┌────────

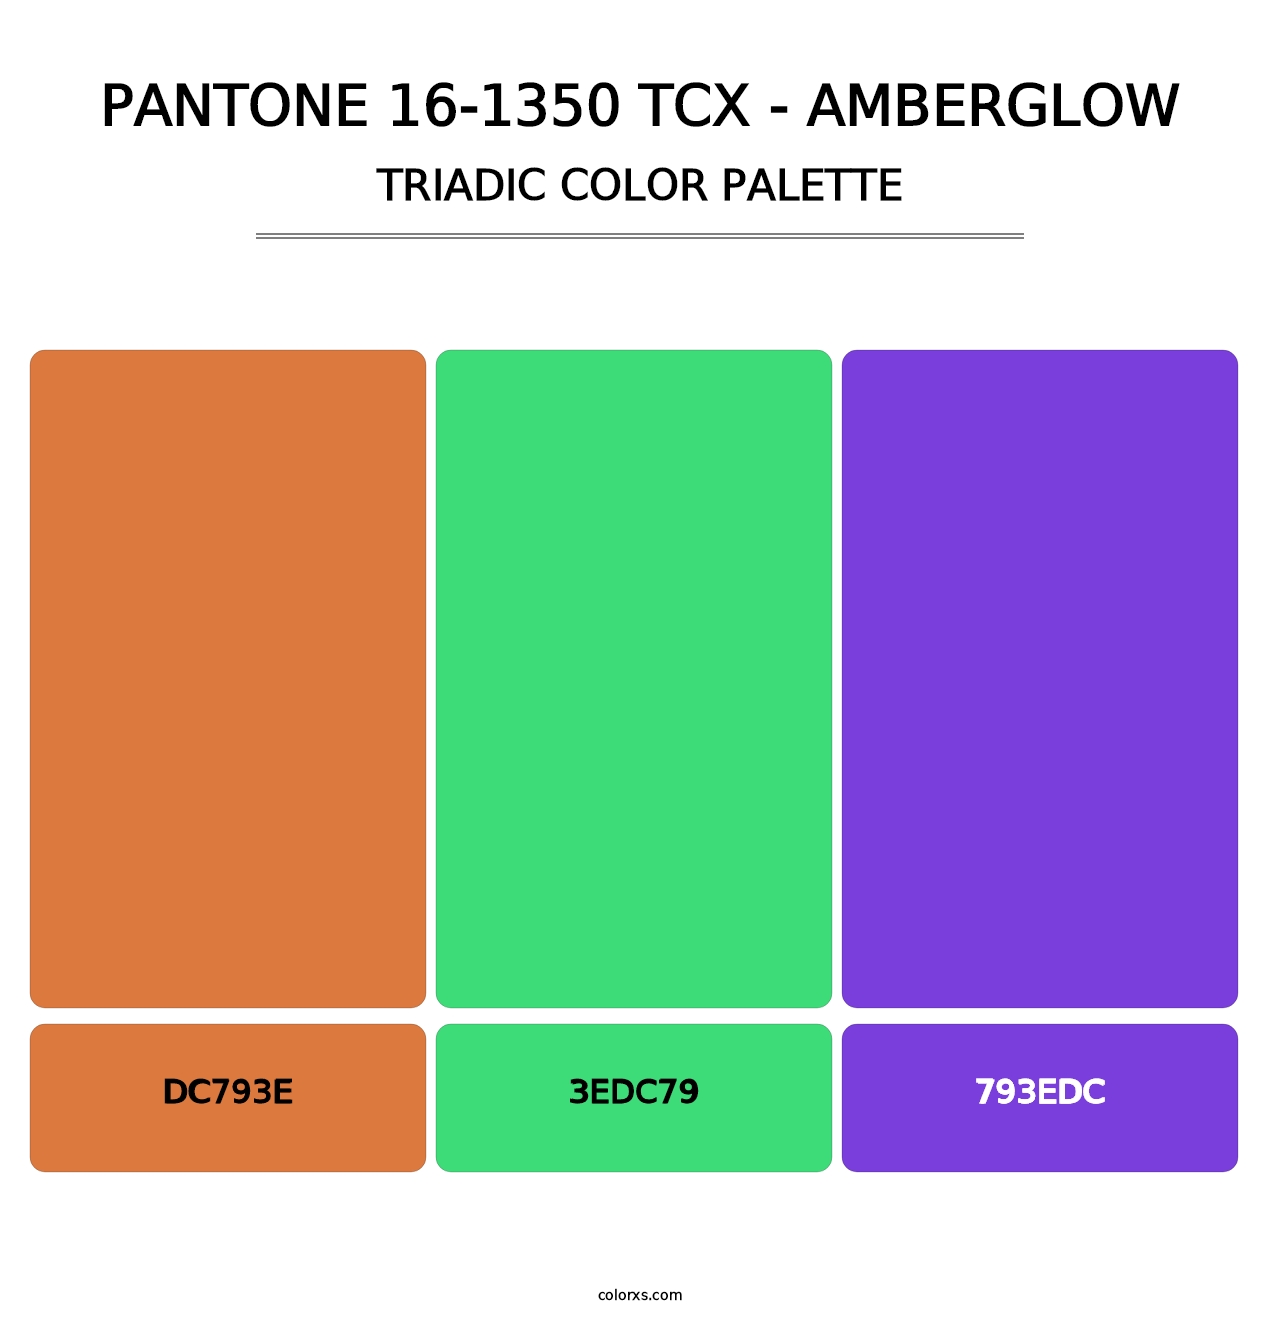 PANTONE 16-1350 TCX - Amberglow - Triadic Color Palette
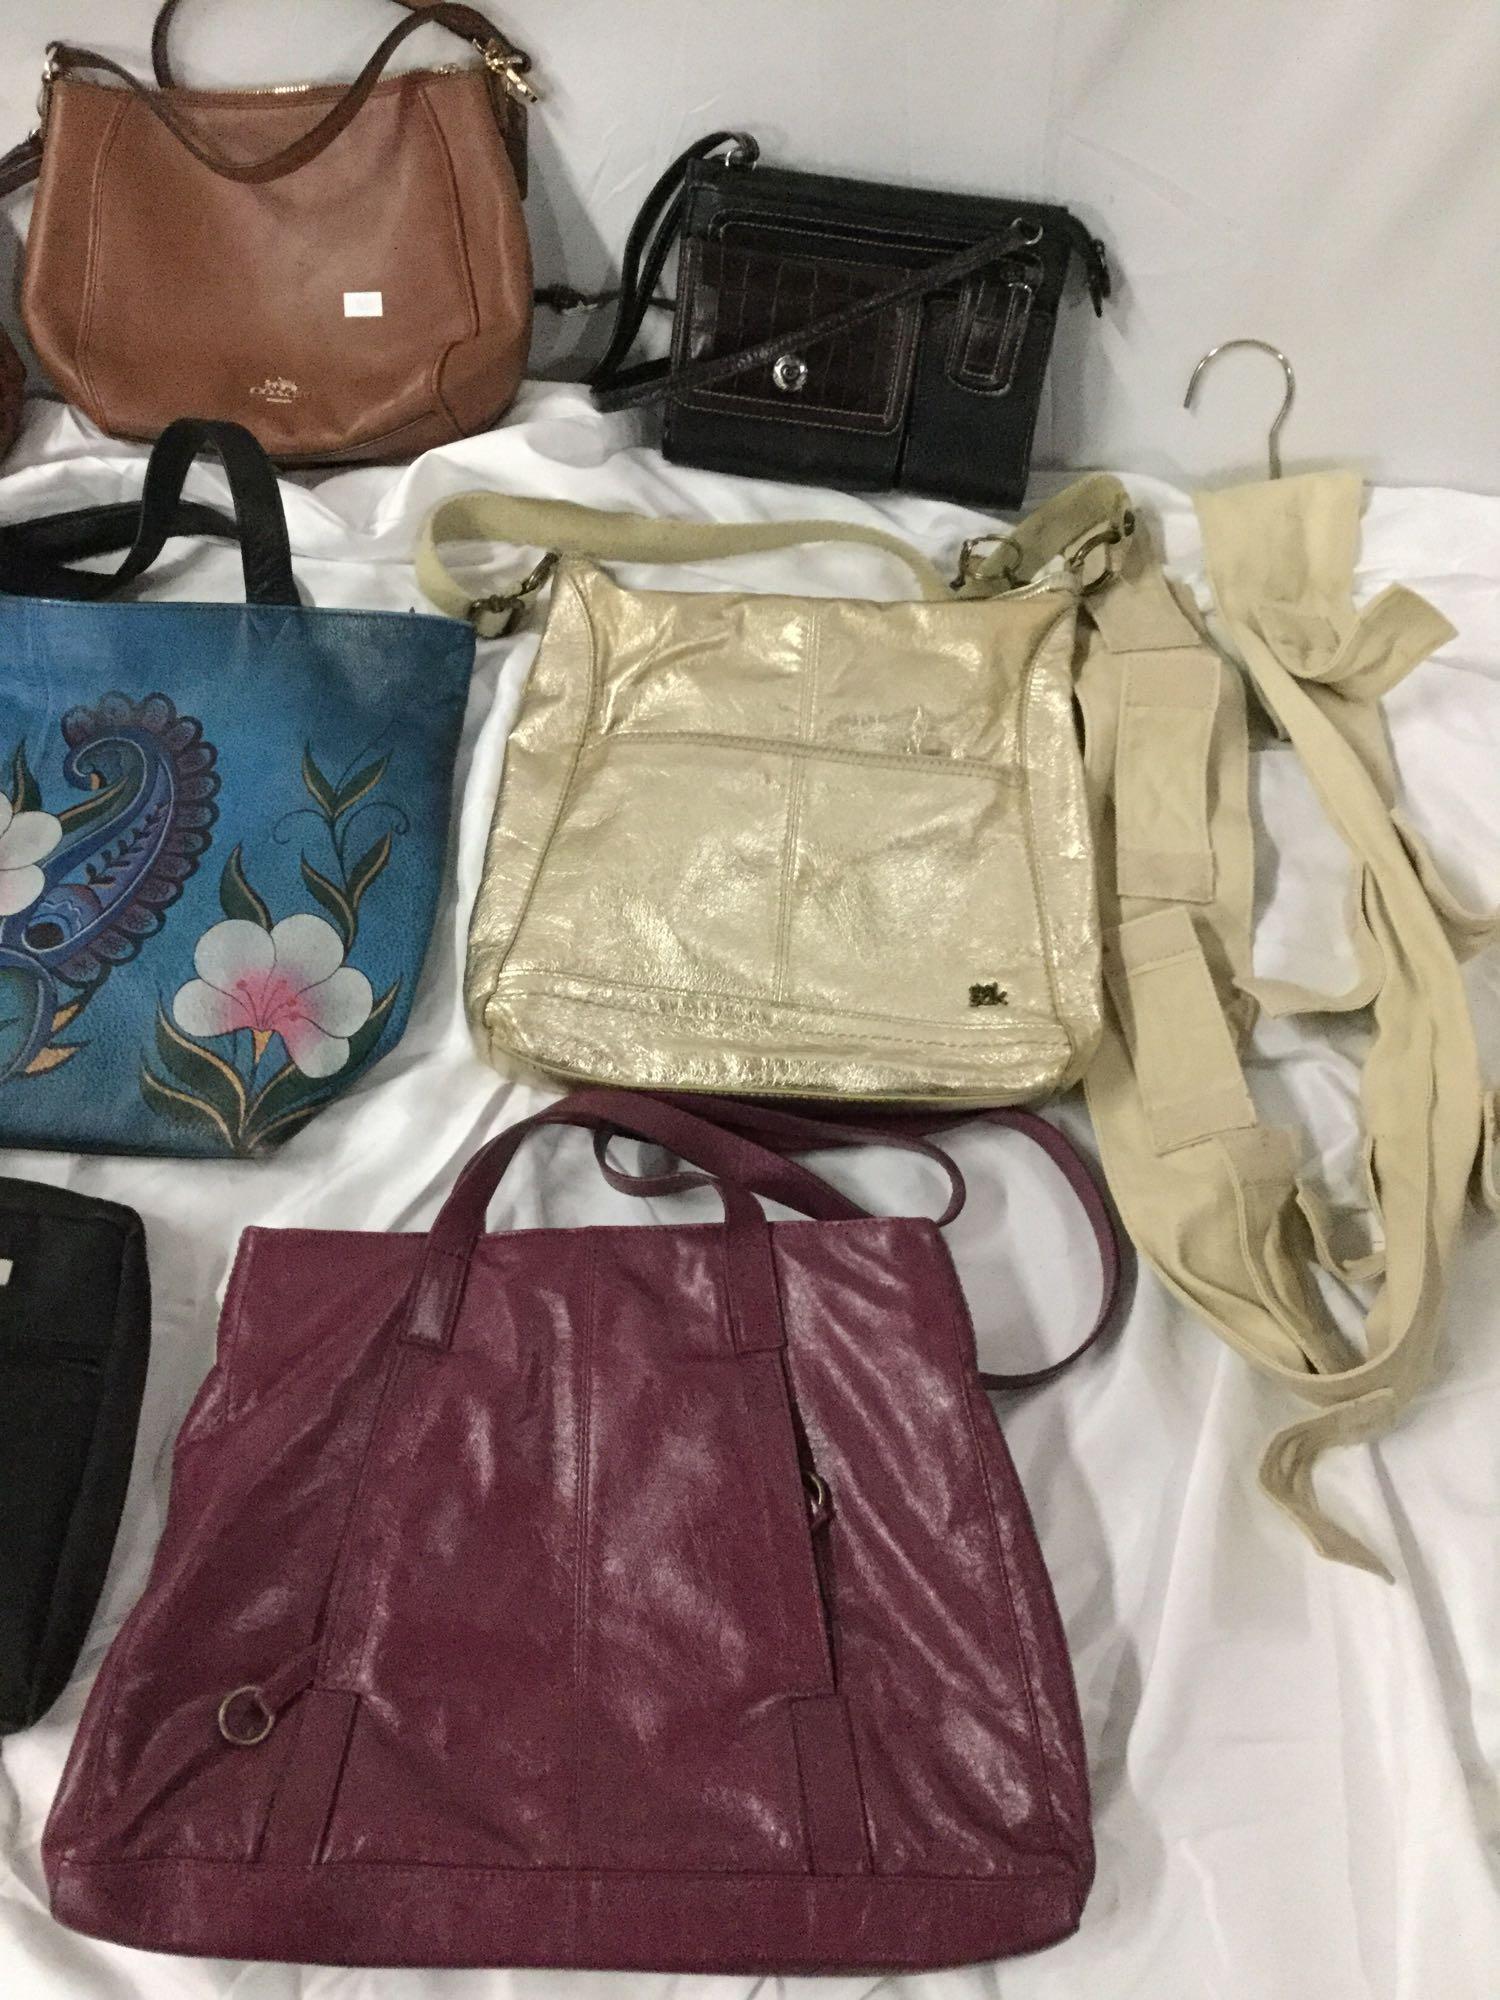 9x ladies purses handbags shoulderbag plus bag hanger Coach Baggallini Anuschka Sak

└────────
┌────────

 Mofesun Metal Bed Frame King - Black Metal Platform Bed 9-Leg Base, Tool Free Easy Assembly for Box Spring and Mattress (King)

└────────
┌────────

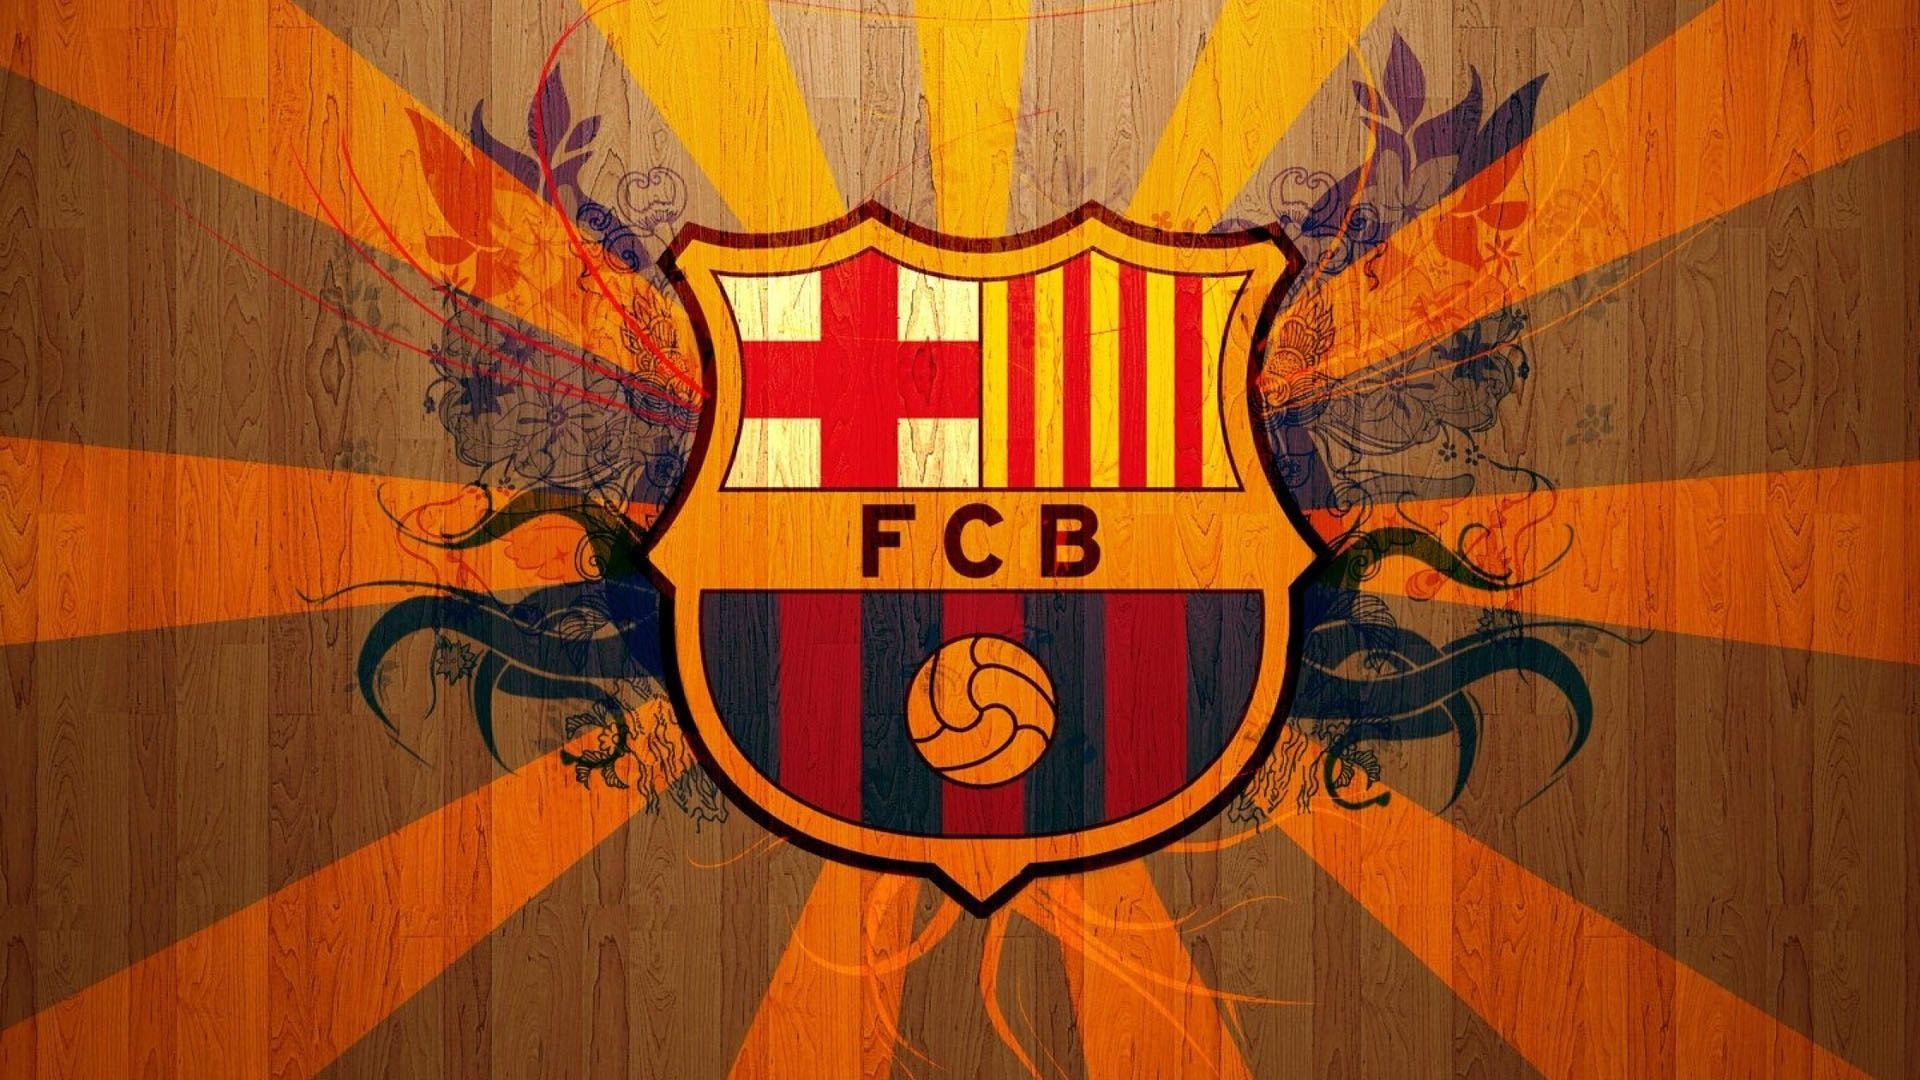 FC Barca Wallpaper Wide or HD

└────────

◆ WHAT YOU WILL DO: Go to the line above that has "PANTONE 16-1350 TCX - Amberglow" and copy exactly from there down to the line that has "9x ladies purses", both included. Leave the pictures out.

◆ RESPONSE FOR THIS EXERCISE:
 PANTONE 16-1350 TCX - Amberglow - Triadic Color Palette
 9x ladies purses handbags shoulderbag plus bag hanger Coach Baggallini Anuschka Sak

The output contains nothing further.